Cassiopée, Alice, Cassandre et Rebekah me fixent alors que je me redresse dans mon lit de fortune, constitué d'une simple couverture terne et d'un vieil oreiller.

Je frotte mes yeux endormis et fini par lancer d'une voix enrouée :

- Bonjour, les filles...

Cette seule phrase me replonge dans mes souvenirs. C'est comme si je me réveillais après ma première nuit au Sous-Noyau. Je revois notre chambre, avec ses quelques lits superposés et cette plante, la première que j'ai manipulée. Je revis mon réveil avec ses fines tiges enroulant mon torse, avec les cris de mes compagnes et leur mine froissée au saut du lit. Tous les souvenirs me reviennent par millier, ils m'emportent dans un typhon d'émotions et de flash back.

À ce moment là, je ne me serai jamais douté de l'étendue du Sous-Noyau, de tout ce qu'il cachait, de tous les secrets qu'ils dissimulaient. J'étais bien naïve. Je pourrais presque m'en vouloir. Mais je me rappelle bien vite qu'on ne peut changer le passé, alors pourquoi me casserai-je la tête avec ça ?

Les quatre filles devant moi ne me répondent pas, et c'est là qu'une peur trop familière commence à s'insinuer en moi. Elles restent debout, leurs yeux toujours sur moi.

Non, ça ne va pas recommencer ?!?

- Qu'est ce qu'il se passe ? articulé-je, d'une voix tremblotante.

- Il avait raison, répond nonchalamment Cassandre.

- Oui, j'aurai parié le contraire, enchaîne Alice.

- Quoi ? Qu'est-ce qui a raison ? demandé-je, encore plus paniquée.

- Laissez la un peu tranquille les filles, souffle une voix grave.

Je me retourne pour trouver un Morgan, à moitié endormi, une main en visière sur le front, en train de les toiser d'un mauvais œil.

- Mais que se passe-t-il, à la fin ? crié-je, à fleur de peau.

- Tu as quelque chose sur le visage, m'informe Cassiopée.

Son ton calme, me donne envie de la frapper. Leurs yeux de merlans frits n'étaient là que pour observer une "chose" qui me recouvre soi-disant le visage.

- Vous mériterez une claque chacune pour me faire peur comme ça ! sifflé-je, entre mes dents.

Je me lève précipitamment, m'approchant d'elles dangereusement pour illustrer mes propos. Toutes reculent sauf Rebekah qui me taquine, un sourire aux lèvres :

- J'avais oublié que tu étais aussi susceptible.
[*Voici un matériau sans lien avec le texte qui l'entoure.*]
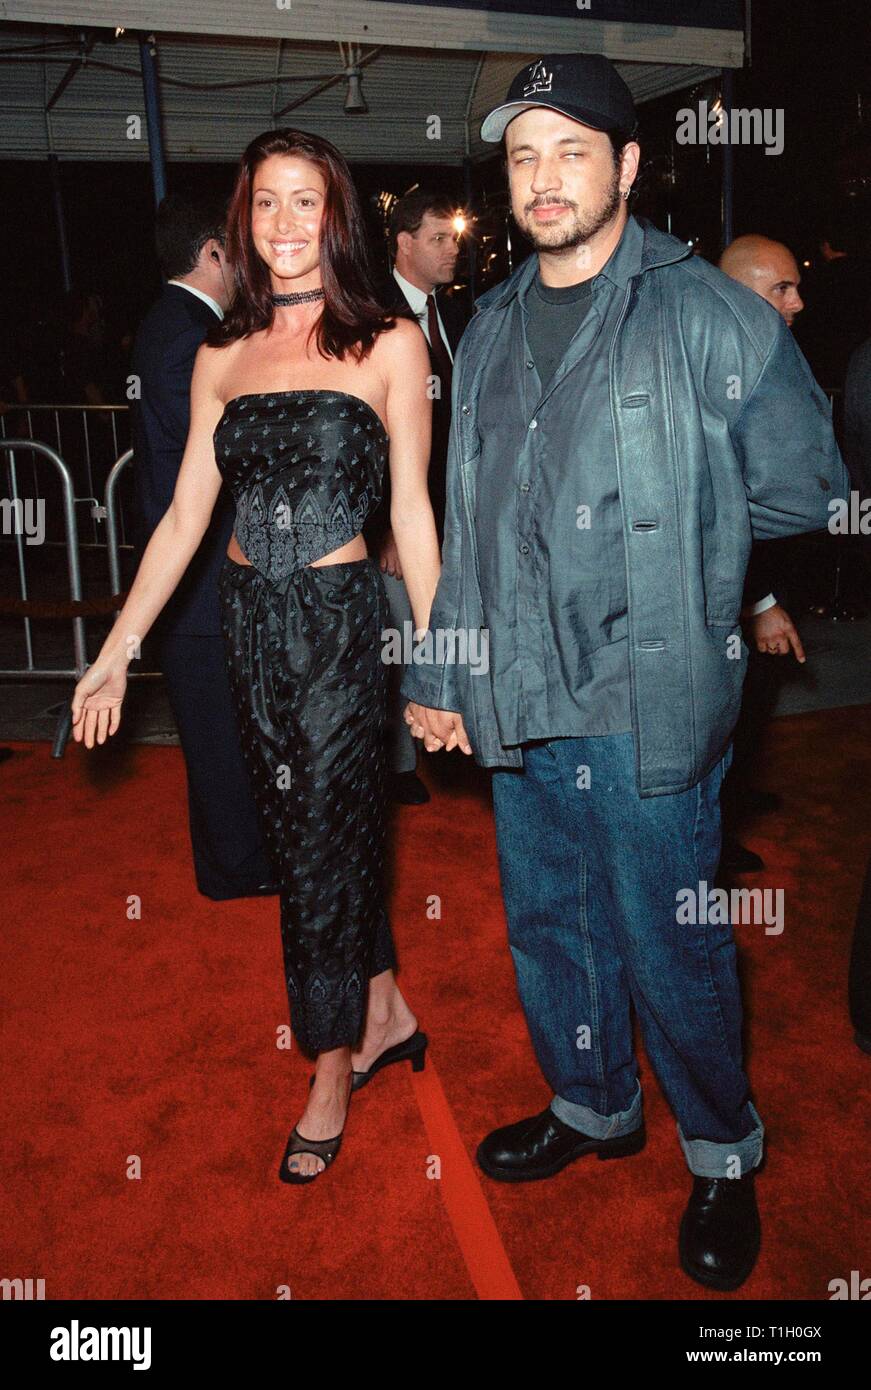 LOS ANGELES, CA. September 27, 1999:  Actress Shannon Elizabeth & boyfriend at the world premiere, in Los Angeles, of 'Three Kings' which stars George Clooney. © Paul Smith / Featureflash Stock Photo

Le rire des trois autres détendent un peu mes muscles crispés. J'expire bruyamment pour exprimer mon mécontentement.

- J'ai une mine si effrayante pour avoir affaire à de tels regards ?

- Non, pas affreuse, loin de là. C'est juste qu'on voulait vérifier les propos d'un ami, n'est-ce pas Morgan ?

L'intéressé se lève d'un bond.

- Vous ne m'écoutez décidément pas quand je vous demande de la laisser tranquille ?

Un léger pli se forme entre ses sourcils. Il regarde ma joue. Ma joue ?

Je laisse tomber les excuses plates et inutiles de mes amies pour me concentrer sur ma recherche. Il faut que je trouve un miroir pour y voir ma joue ou du moins ce qui la recouvre. Ils m'ont inquiété à force de mots et de regards. Je fouille dans une malle près d'un sac de couchage et tombe alors sur un petit objet coupant. Je le sors de la caisse et le contemple sous les premiers rayons du soleil. Le morceau d'un miroir brisé tient dans ma main et me révèle un reflet presque inconnu. J'admets que le voyage m'a changé. Mes cheveux courts bouclent légèrement dans ma nuque, ils se sont éclaircis pendant mes longues marches sous le soleil, ils se déchaînent de tous les côtés accentuant le côté décoiffé de la coupe. Ma peau d'ordinaire blanche est très légèrement halée, et mes taches de rousseur ont formées une colonie le long de mes pommettes et de mon nez. À part quelques traces de saleté sur le visage et deux yeux bleu-gris qui me scrutent, je ne remarque aucun changement.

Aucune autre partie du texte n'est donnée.